The biggest problem I had with the droplet created in Photoshop is related to how strained the relationship between the "Save for Web" dialog and Batch processing is. After much testing and reiterations, my choices eventually came down to either having complete automation that saved thumbnails nearly 3 times the file-size OR having to manually click through 2 of the 10 steps in the automation. Since file-size is a concern when looking for ways to optimize website performance (even on this miniscule of a scale), I opted for the click-thru workflow instead.
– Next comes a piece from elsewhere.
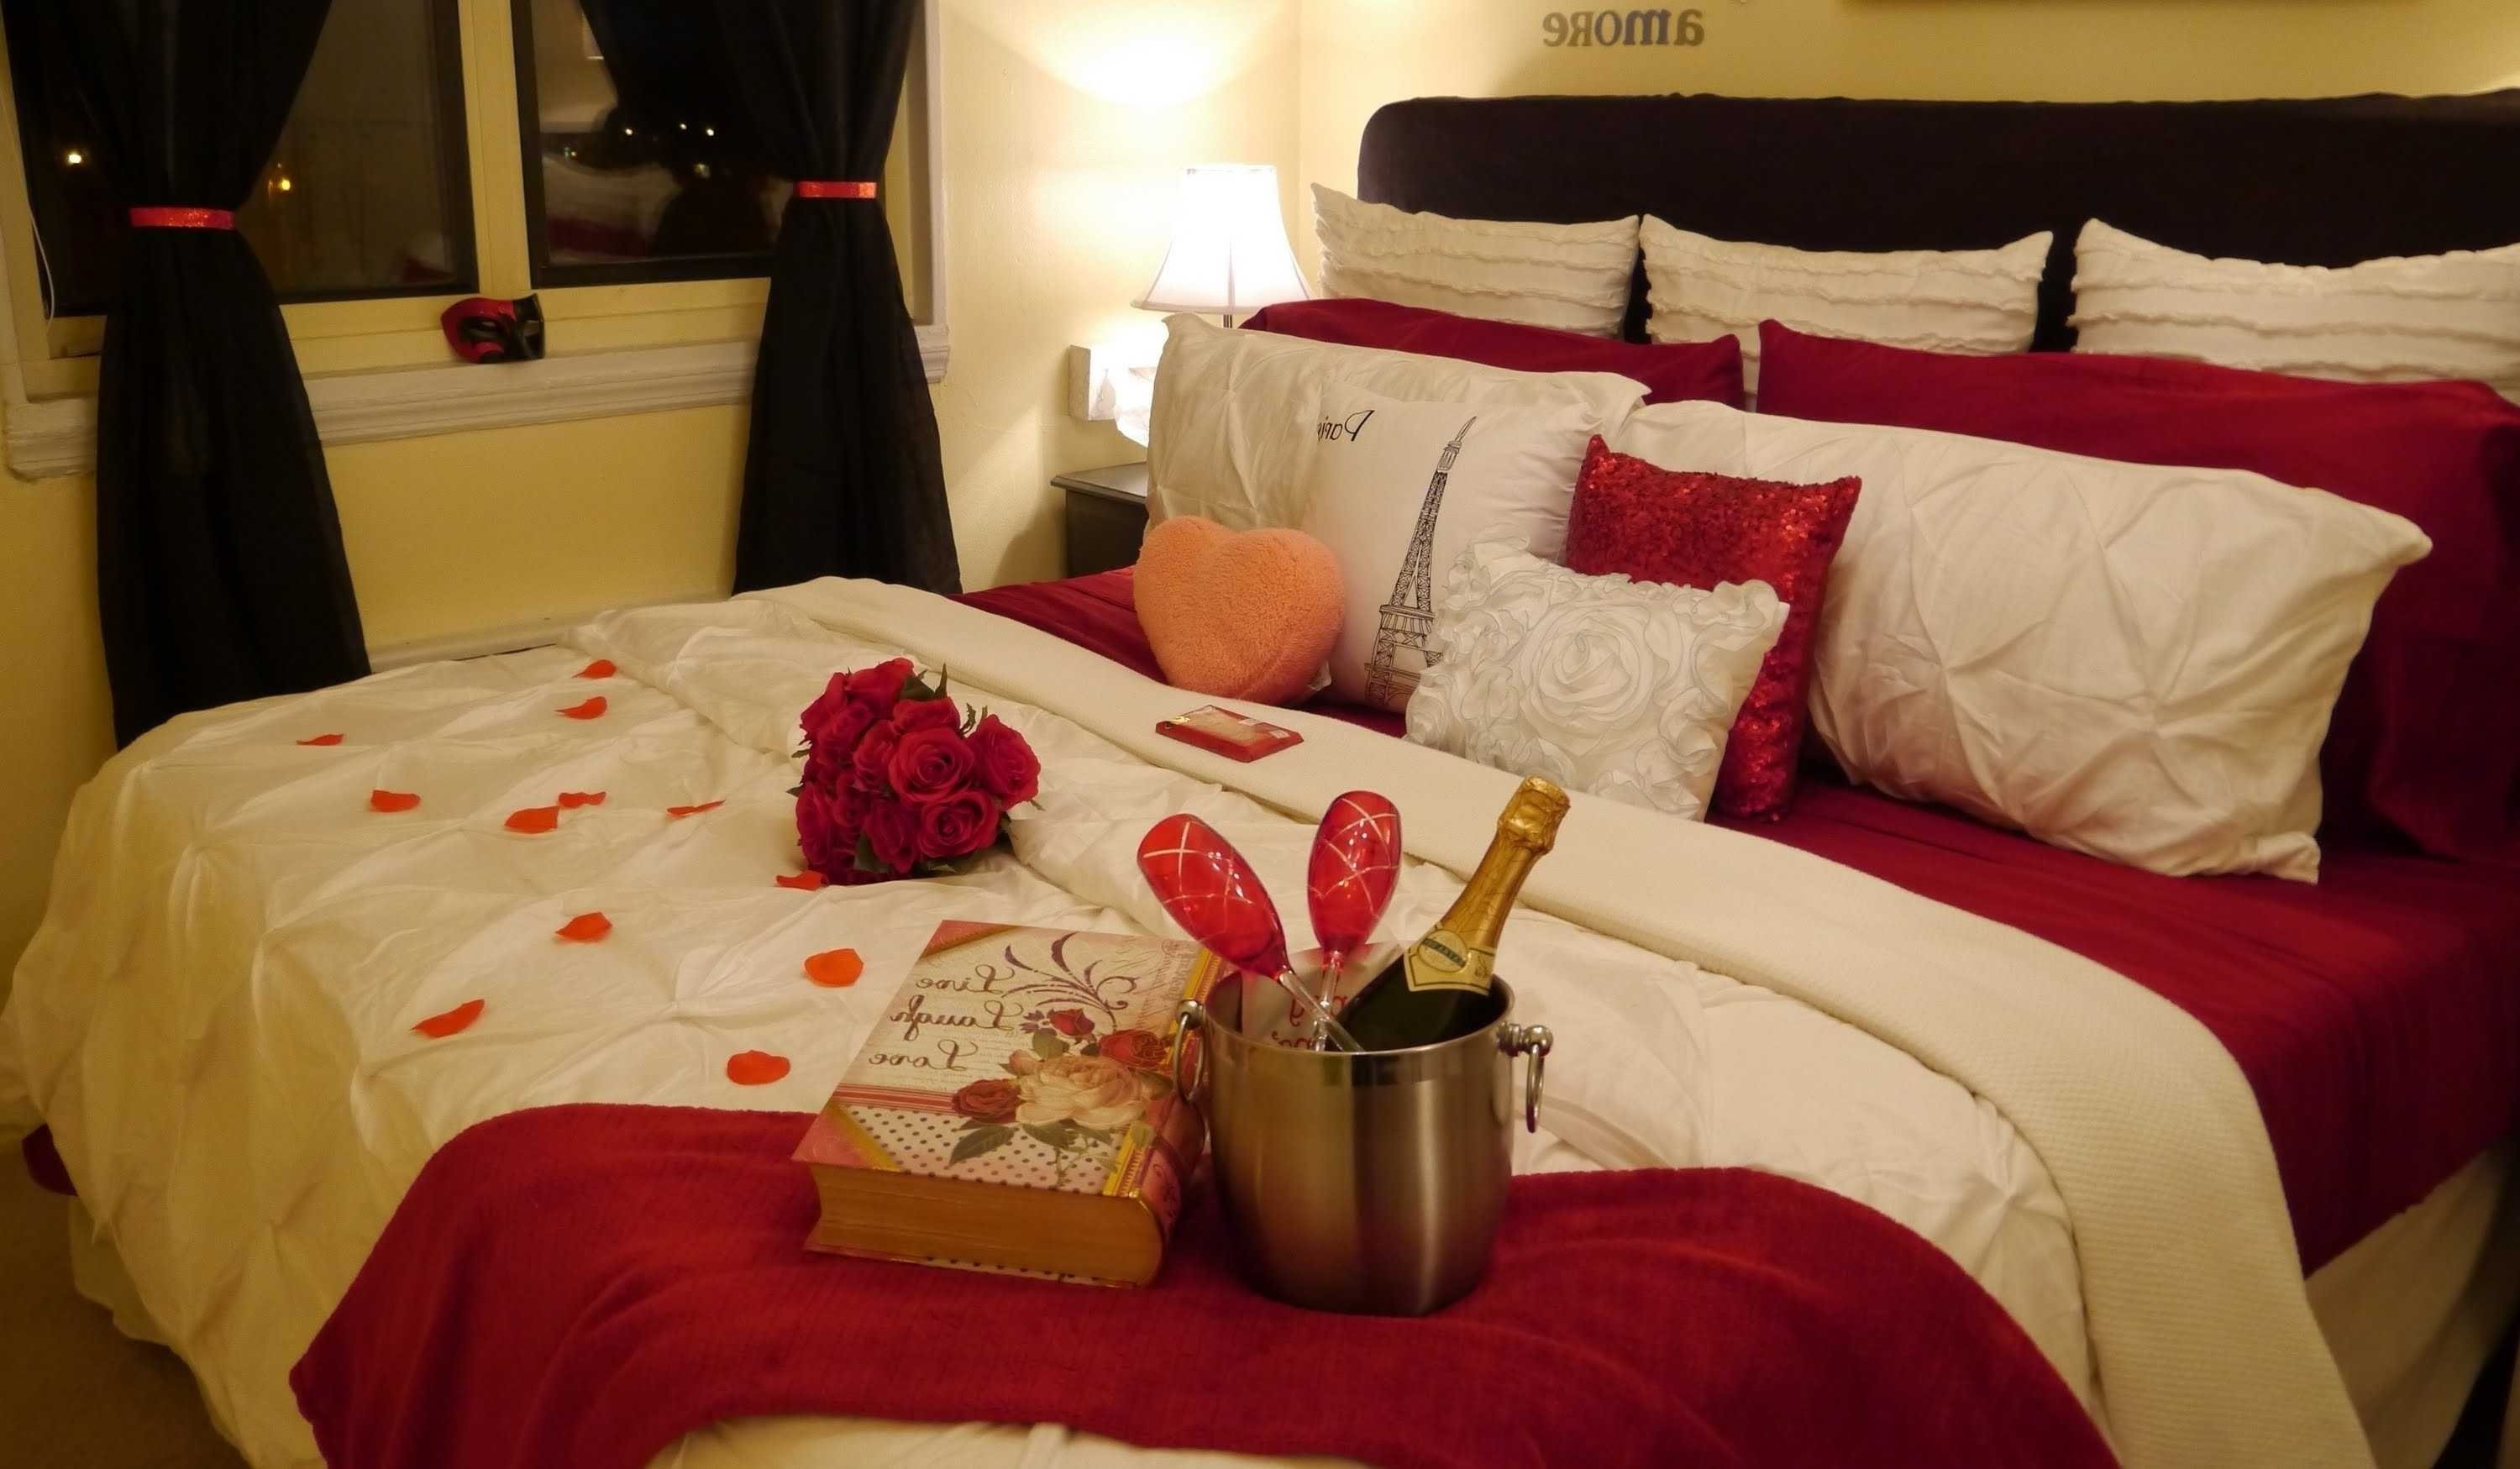 10 Lovable Romantic Hotel Ideas For Him awesome decorate a romantic bedroom including night dinner ideas for 1 2022
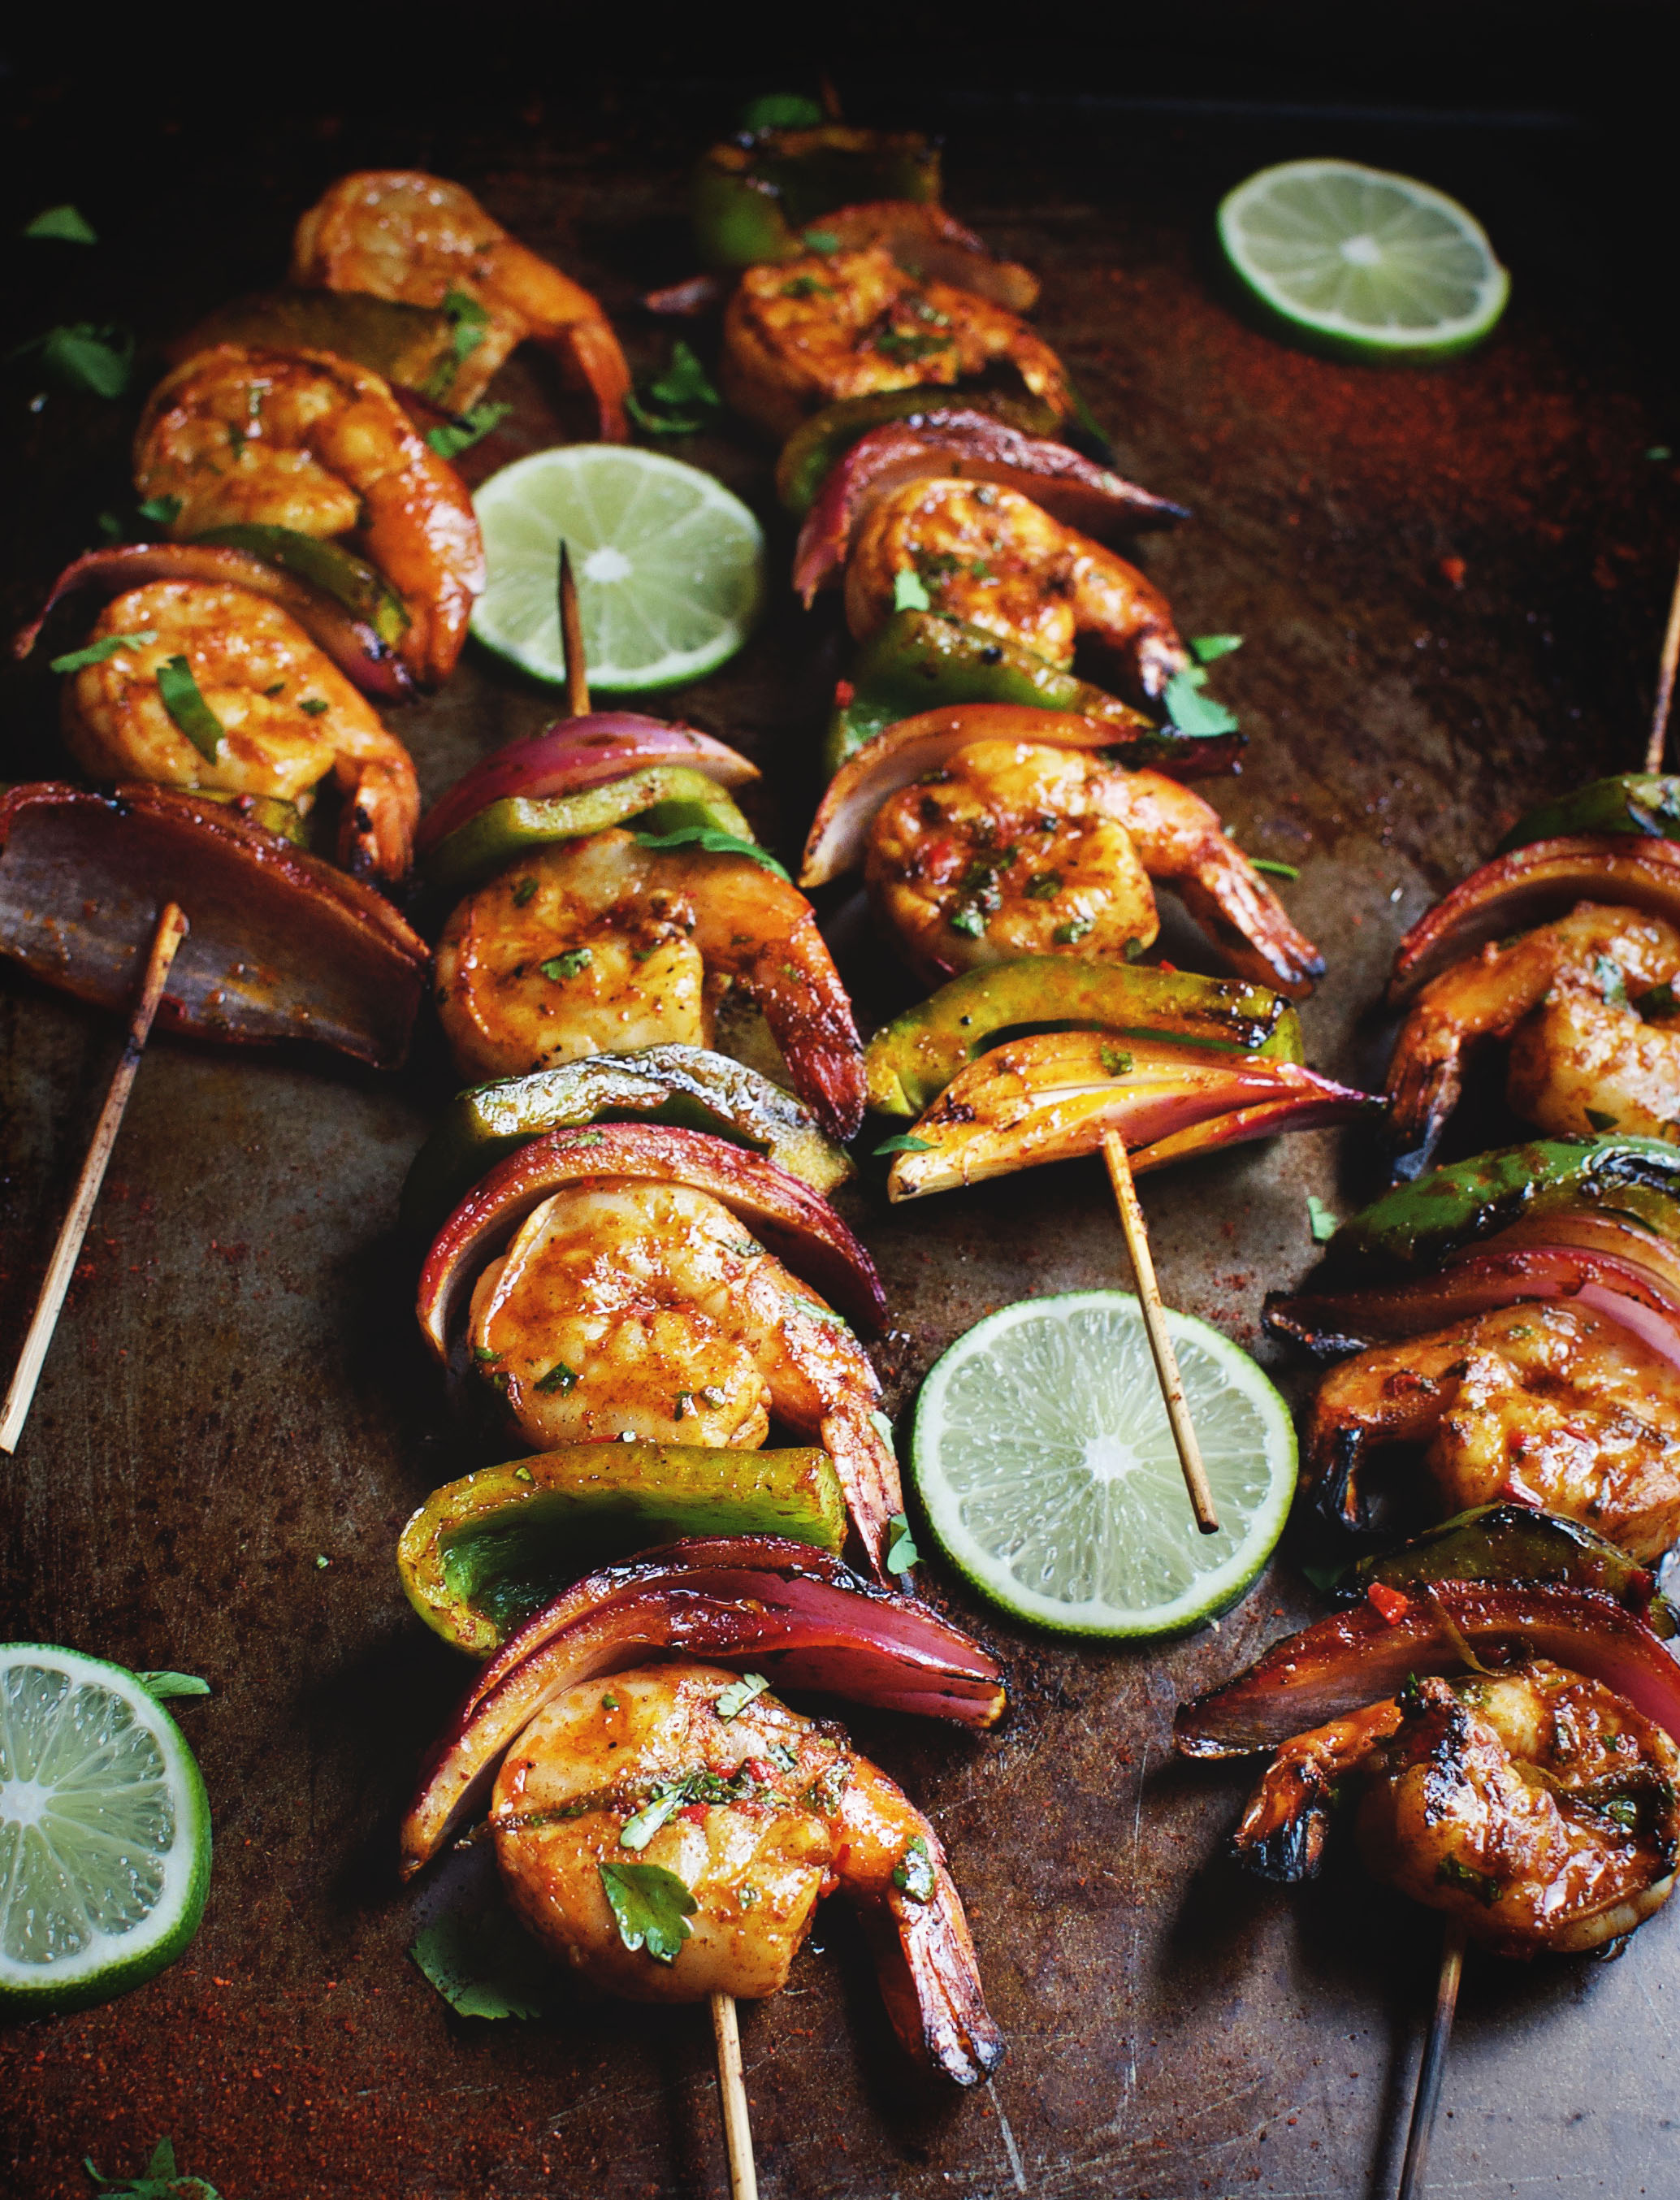 Grilled Chili Lime Shrimp Kabobs - Simply So Healthy

If Photoshop would simply address the differences in functionally and wording between their "Save As" dialog (using formats like GIF and JPG) and their "Save for Web and Devices" dialog (using the same formats), my life would be saved that much more hassle and I could take advantage of the "Override Save As" option that the Batch processing and Droplet creation offers.

File naming
The other main issue I had with the creation of thumbnails is really only a result of having to settle for using only half of my desired Action workflow (because of the afore mentioned 'Save for Web' issue). Otherwise, most third-party thumbnail apps provide plenty of options for saving thumbnails into subsequent directories or prefixing/suffixing the file name according. Really, I would even settle for Apple releasing an updated Automator action that adds in a couple more of those kind of options. Their pre-installed action is super limited, albeit quite functional.

Those are the majority of concerns/grips I fell upon during this project. If you happen to know of a better tool out there or happen to be some kind of Action savant that can provide some workflow insight, don't hesitate. I plan on making plenty of more thumbnails in the future and could always use the extra minutes back of my life.